— The records —

|---|

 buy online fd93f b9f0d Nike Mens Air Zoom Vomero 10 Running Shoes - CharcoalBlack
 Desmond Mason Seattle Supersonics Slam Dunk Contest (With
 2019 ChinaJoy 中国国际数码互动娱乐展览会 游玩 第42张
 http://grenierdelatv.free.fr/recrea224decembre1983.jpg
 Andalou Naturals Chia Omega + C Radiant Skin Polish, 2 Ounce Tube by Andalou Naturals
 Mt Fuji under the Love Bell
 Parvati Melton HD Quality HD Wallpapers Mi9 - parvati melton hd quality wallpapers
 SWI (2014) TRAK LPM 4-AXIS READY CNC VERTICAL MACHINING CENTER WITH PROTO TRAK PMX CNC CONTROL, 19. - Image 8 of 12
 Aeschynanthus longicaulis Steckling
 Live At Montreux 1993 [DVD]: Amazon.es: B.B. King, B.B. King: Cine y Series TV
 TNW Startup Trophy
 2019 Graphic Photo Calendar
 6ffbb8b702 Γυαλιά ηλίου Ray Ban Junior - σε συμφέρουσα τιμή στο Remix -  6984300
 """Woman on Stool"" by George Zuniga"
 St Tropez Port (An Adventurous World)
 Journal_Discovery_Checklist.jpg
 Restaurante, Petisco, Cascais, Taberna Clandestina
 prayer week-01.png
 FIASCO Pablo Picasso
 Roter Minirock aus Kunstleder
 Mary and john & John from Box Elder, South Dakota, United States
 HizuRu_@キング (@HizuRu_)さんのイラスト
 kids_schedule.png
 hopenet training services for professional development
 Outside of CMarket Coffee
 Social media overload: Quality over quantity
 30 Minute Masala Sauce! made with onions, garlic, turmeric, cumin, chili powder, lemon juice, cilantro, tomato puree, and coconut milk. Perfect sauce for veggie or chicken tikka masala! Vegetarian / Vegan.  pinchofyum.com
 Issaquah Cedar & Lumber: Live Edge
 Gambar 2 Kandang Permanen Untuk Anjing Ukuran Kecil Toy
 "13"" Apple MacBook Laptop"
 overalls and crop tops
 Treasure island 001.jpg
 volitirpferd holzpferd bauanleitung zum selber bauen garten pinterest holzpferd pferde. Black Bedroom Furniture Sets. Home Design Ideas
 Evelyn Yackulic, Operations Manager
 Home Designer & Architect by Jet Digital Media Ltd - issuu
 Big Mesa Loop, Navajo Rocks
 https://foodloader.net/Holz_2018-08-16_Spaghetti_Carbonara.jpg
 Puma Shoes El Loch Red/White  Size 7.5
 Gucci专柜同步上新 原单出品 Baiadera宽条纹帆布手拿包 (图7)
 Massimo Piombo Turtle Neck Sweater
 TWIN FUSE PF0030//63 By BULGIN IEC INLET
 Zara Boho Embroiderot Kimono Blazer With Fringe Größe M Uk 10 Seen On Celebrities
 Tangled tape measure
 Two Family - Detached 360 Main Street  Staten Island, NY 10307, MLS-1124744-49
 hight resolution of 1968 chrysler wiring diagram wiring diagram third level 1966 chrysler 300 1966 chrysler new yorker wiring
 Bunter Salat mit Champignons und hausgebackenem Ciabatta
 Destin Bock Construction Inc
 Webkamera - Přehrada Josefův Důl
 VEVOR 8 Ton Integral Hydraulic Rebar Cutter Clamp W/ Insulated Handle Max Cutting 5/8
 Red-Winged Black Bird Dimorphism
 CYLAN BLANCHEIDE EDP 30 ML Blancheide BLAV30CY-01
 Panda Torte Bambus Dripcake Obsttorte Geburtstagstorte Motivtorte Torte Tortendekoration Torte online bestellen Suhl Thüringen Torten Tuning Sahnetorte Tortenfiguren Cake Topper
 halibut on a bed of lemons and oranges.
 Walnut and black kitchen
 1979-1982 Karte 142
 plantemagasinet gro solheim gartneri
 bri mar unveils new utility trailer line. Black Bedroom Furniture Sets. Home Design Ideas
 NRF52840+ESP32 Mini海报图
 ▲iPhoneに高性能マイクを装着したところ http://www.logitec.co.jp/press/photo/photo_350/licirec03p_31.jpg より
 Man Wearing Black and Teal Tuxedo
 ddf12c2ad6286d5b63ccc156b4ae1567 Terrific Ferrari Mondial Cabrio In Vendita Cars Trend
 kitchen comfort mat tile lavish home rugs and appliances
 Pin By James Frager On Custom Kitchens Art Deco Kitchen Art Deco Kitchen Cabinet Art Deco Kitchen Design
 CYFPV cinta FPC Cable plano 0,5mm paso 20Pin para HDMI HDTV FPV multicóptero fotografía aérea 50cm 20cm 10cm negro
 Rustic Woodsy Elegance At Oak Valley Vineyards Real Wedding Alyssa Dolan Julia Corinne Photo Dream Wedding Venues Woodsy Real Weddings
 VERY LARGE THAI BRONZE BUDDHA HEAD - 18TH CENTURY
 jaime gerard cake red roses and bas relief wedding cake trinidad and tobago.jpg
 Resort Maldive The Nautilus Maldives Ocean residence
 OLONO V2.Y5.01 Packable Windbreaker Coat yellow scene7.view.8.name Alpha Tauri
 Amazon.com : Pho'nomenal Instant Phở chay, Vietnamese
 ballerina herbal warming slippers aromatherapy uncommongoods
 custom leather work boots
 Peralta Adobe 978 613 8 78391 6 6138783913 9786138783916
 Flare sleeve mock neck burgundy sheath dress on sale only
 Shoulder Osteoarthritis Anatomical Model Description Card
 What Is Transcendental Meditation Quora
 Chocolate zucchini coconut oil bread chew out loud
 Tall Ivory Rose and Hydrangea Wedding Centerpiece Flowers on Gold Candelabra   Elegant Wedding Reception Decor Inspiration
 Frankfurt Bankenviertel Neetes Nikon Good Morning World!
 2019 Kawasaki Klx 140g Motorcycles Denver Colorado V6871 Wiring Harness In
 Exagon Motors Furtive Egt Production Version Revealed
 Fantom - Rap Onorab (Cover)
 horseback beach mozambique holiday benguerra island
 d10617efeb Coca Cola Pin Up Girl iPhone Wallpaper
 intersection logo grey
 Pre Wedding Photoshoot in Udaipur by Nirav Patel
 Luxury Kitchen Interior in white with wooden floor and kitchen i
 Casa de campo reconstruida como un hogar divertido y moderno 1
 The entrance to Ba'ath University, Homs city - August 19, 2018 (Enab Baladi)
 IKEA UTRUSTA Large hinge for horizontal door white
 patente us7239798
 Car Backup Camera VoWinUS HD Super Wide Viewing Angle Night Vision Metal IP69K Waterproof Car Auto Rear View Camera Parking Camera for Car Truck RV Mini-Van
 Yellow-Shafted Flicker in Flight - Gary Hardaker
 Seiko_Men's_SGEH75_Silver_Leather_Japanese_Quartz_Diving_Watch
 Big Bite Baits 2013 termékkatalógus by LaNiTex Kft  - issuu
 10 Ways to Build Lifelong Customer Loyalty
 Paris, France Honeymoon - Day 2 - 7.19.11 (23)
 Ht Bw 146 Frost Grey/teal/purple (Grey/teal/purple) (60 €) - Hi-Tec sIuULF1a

|---|

— Aim of the task —
Filter the entries by the string "issuu" and copy each matching line.

— Answer to the problem —
 Home Designer & Architect by Jet Digital Media Ltd - issuu
 Big Bite Baits 2013 termékkatalógus by LaNiTex Kft  - issuu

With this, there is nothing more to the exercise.